А когда лег, мгновенно ощутил в груди какое-то жужжание. Как волчок. Очень страшно. Нет, лежать нельзя. Какое страшное ощущение! Хуже боли. А ну-ка еще раз лягу. Опять. Послушаю сердце. Ничего не понимаю – что-то шумит безумно. Но это ужасное жужжание чувствую только, когда лежу. Надо лечь, вытерпеть и разобраться, что и когда шумит. Так. Шум синхронен. Сердце сжимается – в это время шум... В это время шум.

Разрыв?

Какая глупость! Хороший пульс. Нет слабости. Нет пота.

От этого шума можно попасть на Канатчикову, Можно попасть и подальше. Что делать?

Разрыв?!

Совсем я одурел. Надо спешить. Надо быстрее ехать в больницу.

– Я не буду больше принимать. Скажи – заболел. И, пожалуйста, вызови такси.

Что же шумит? Я ничего не понимаю. Либо я все забыл. Либо думать о своей болезни нельзя ничего...

Разрыв?! Разрыв?! Нет!

Надо быстрей, быстрей в больницу. Сколько времени потерял! Разрыв. Этот шум просто свел меня с ума. Что же это за шум?

Возбуждение характерно для инфаркта – это симптом.

Вот и я ношусь по кабинету как оголтелый. А раз я ношусь, значит, не разрыв. Как бы я мог двигаться?
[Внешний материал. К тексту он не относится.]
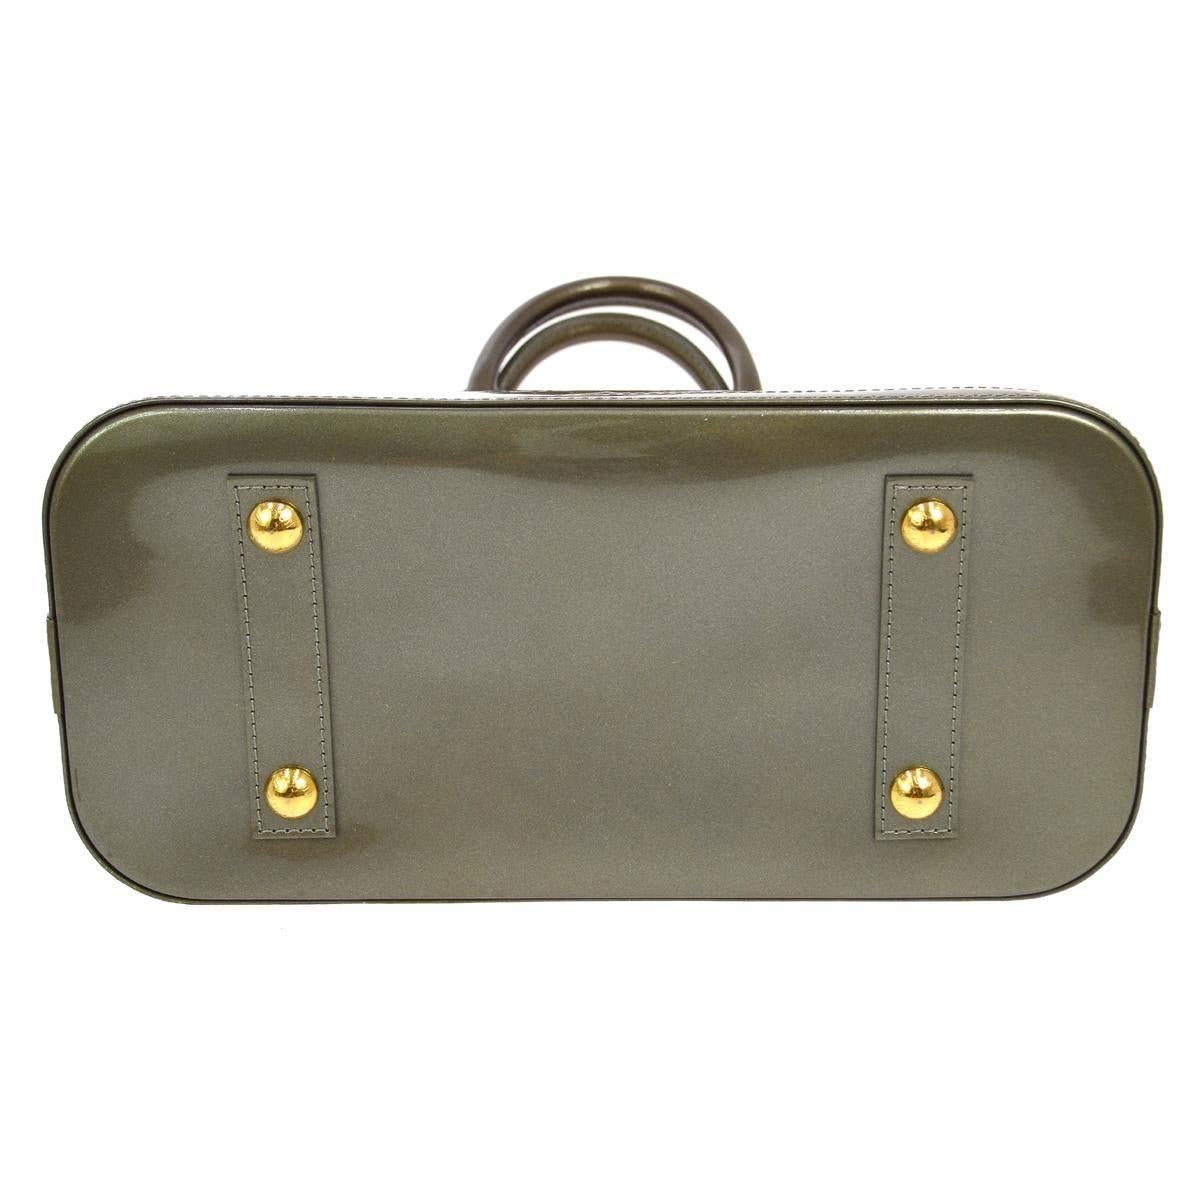 Brown Louis Vuitton Monogram Patent Leather Top Handle Satchel Bag with Lock & Keys
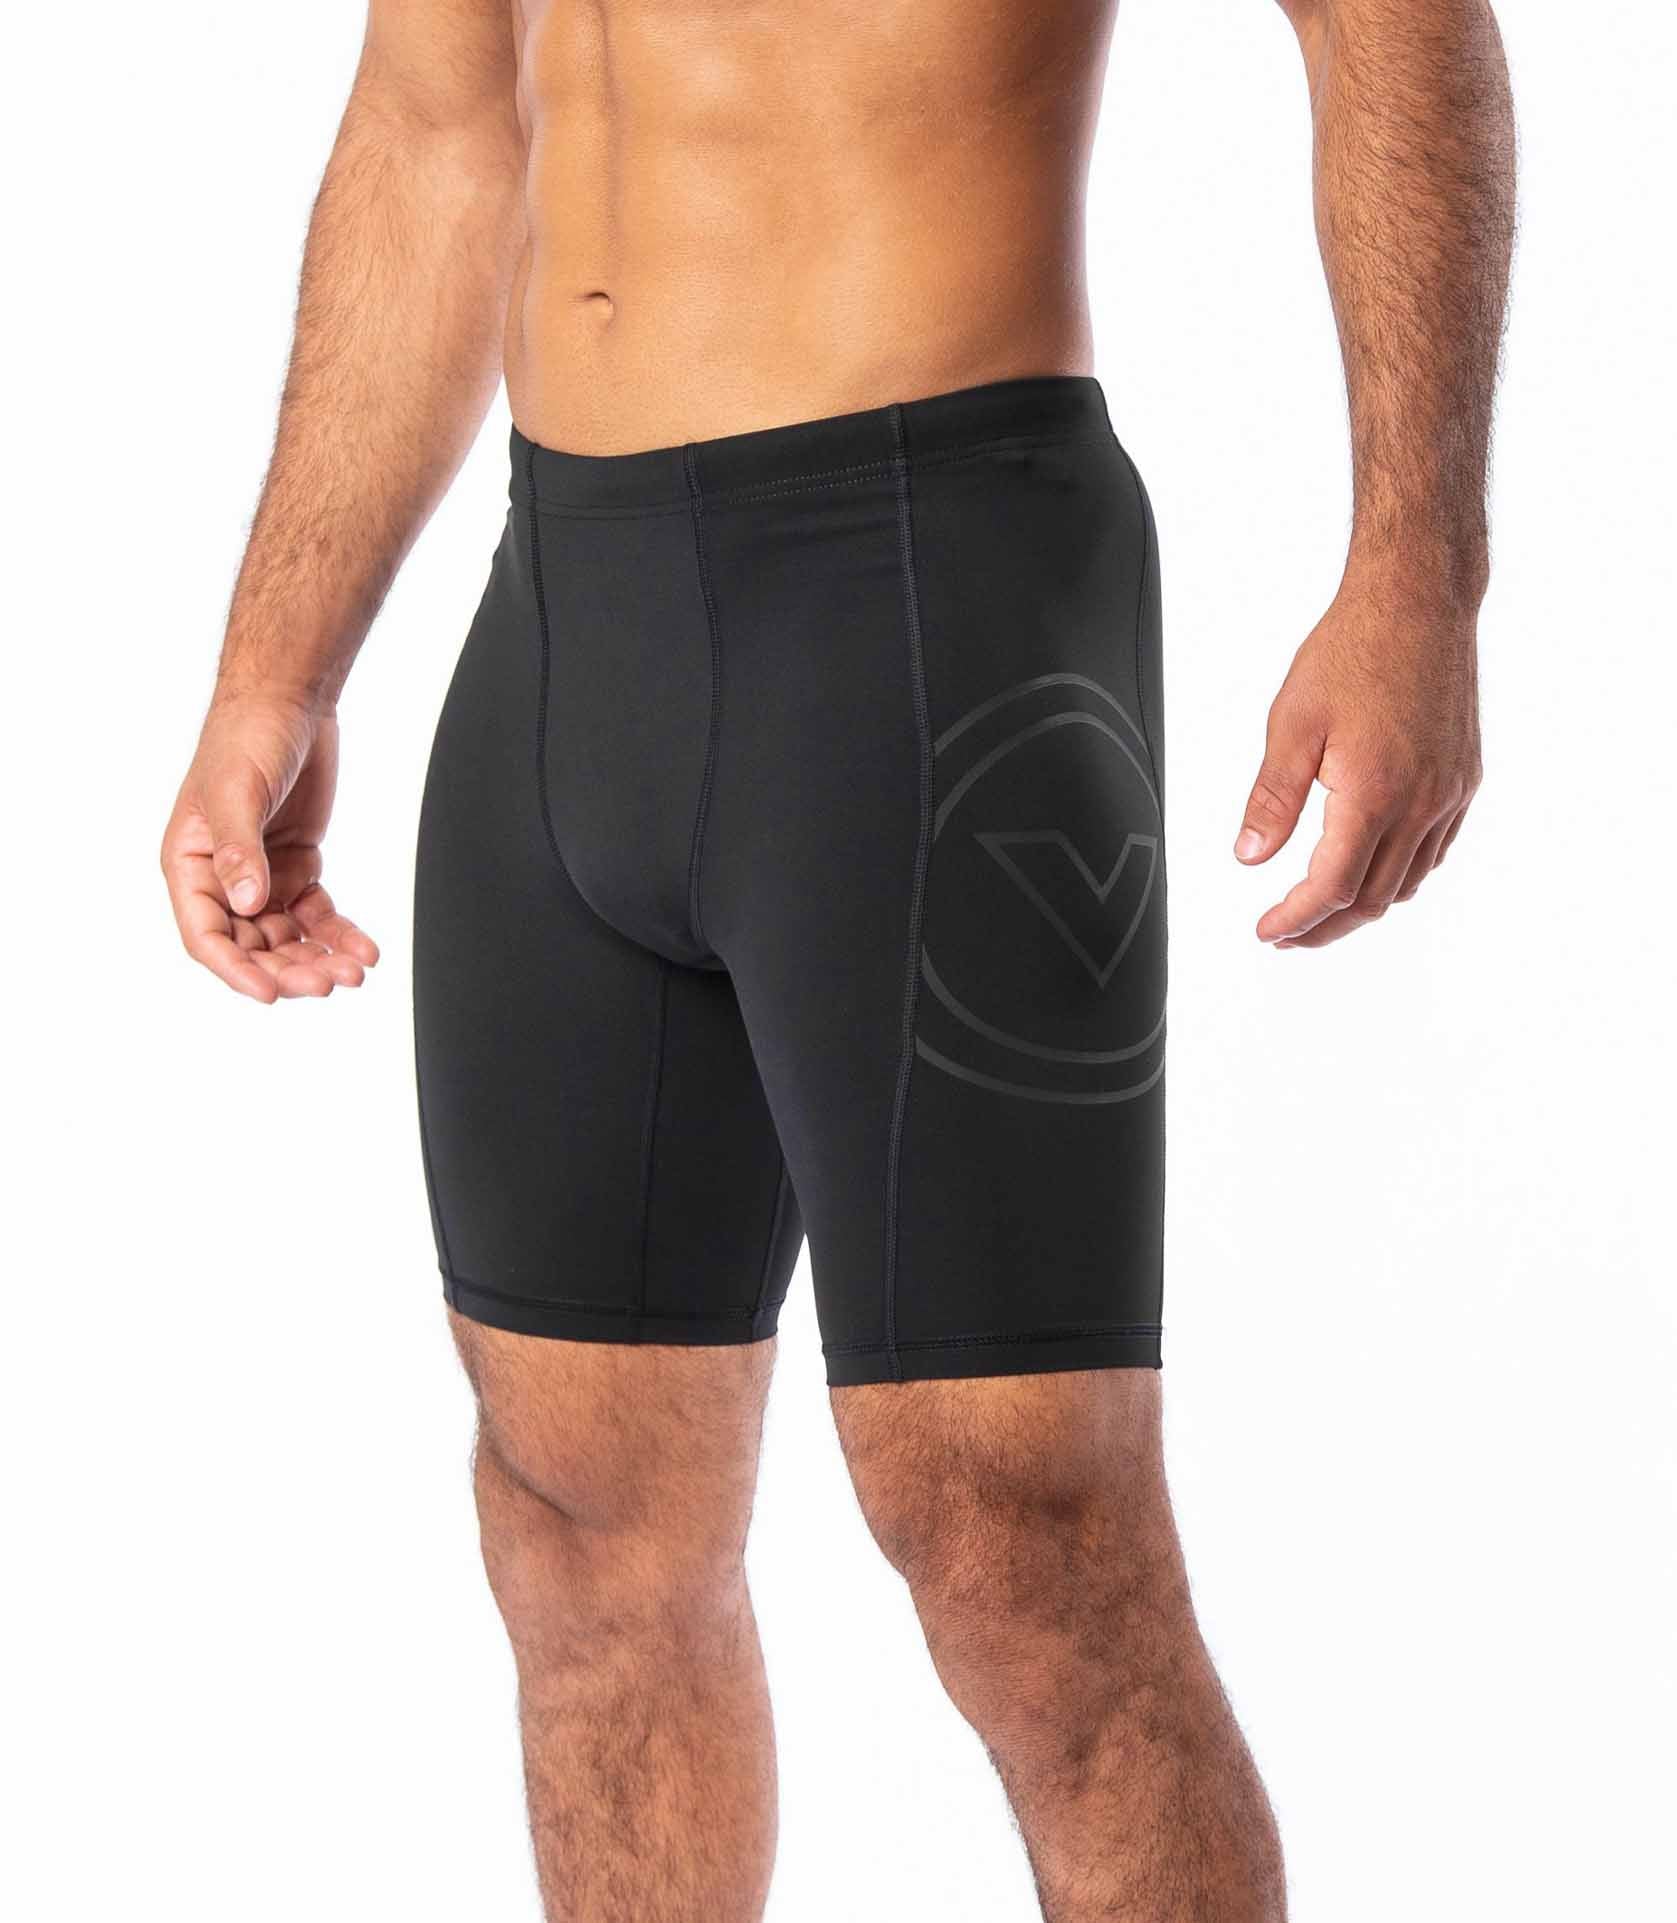 Men's compression shorts ⇒ Buy compression shorts for men HERE!

Вся моя строгая медицинская логика разбилась о боль. Надо лежать – я хожу. Извращенная медицинская логика больного врача.

В такси.

Что за нелепая выдумка ехать на такси? Каких-нибудь два часа назад я бы знал, как поступать в подобных случаях. Коль скоро я спешу, так вызвал бы «Скорую». И потом, почему я спешу к себе в больницу? Уж если я думаю, что это разрыв, то либо вообще нечего спешить, либо уж в институт грудной хирургии. Пусть зашивают. Нет, разрыва быть не может. Уже давно сердцу негде было бы биться. А если разрыв перегородки? Если бы это был другой больной, а не я, мысль о разрыве, наверное, и в голову бы не пришла.

Я рассуждаю вполне логично. Но почему же действия абсурдные? Кривая психика больного ломает все мои логические положения.

Ужасный шум продолжается. Боль остается. Быстрее бы больница. Нелепо было ехать на такси. На «Скорой» я был бы уже там...

Слава богу, доехали.

Почему я не пошел в приемный покой? Зачем мне понадобился халат? Надо было зайти в приемный покой и лечь. Остальное все было бы сделано без меня. Как говорят французы – хорошие мысли всегда на лестнице.

Психика больного продолжала крушить и корежить привычные рассуждения, ассоциации и рефлексы врача. Вот так ведет себя больной. Неправильно. И мы возмущаемся. Говорим, надо повысить медицинскую грамотность. Вот я грамотен. А поведение так же нелепо.

Надо было оставить портфель в раздевалке. Очень уж он тяжелый. Кажется, я совсем потерял способность рассуждать.

Надо зайти к Вальке в кабинет, пока я внизу.

– Валь, у меня что-то сердце болит. Наверно, стенокардия или инфаркт. Я пошел к Михаилу Григорьевичу. Ты подойди потом. Позвони после домой ко мне, ладно?

Естественно, что Валька заржала.

– Зайди,– говорит,– на обратном пути.

Теперь уже факт: стоит Михаилу Григорьевичу меня посмотреть, и все – мне с места не сойти. Прикует меня. В самом лучшем случае – три недели. Надо зайти в уборную.

Многое из того, что я тогда делал, понял значительно позже. По-видимому, это был почти полный мгновенный развал личности, во всяком случае, личности врача.

Терапевты долго подробно и обстоятельно меня ощупывали, ослушивали и остукивали. Я, почувствовав вдруг, что представляю «определенный академический интерес», стал понимать и всю свою значительность.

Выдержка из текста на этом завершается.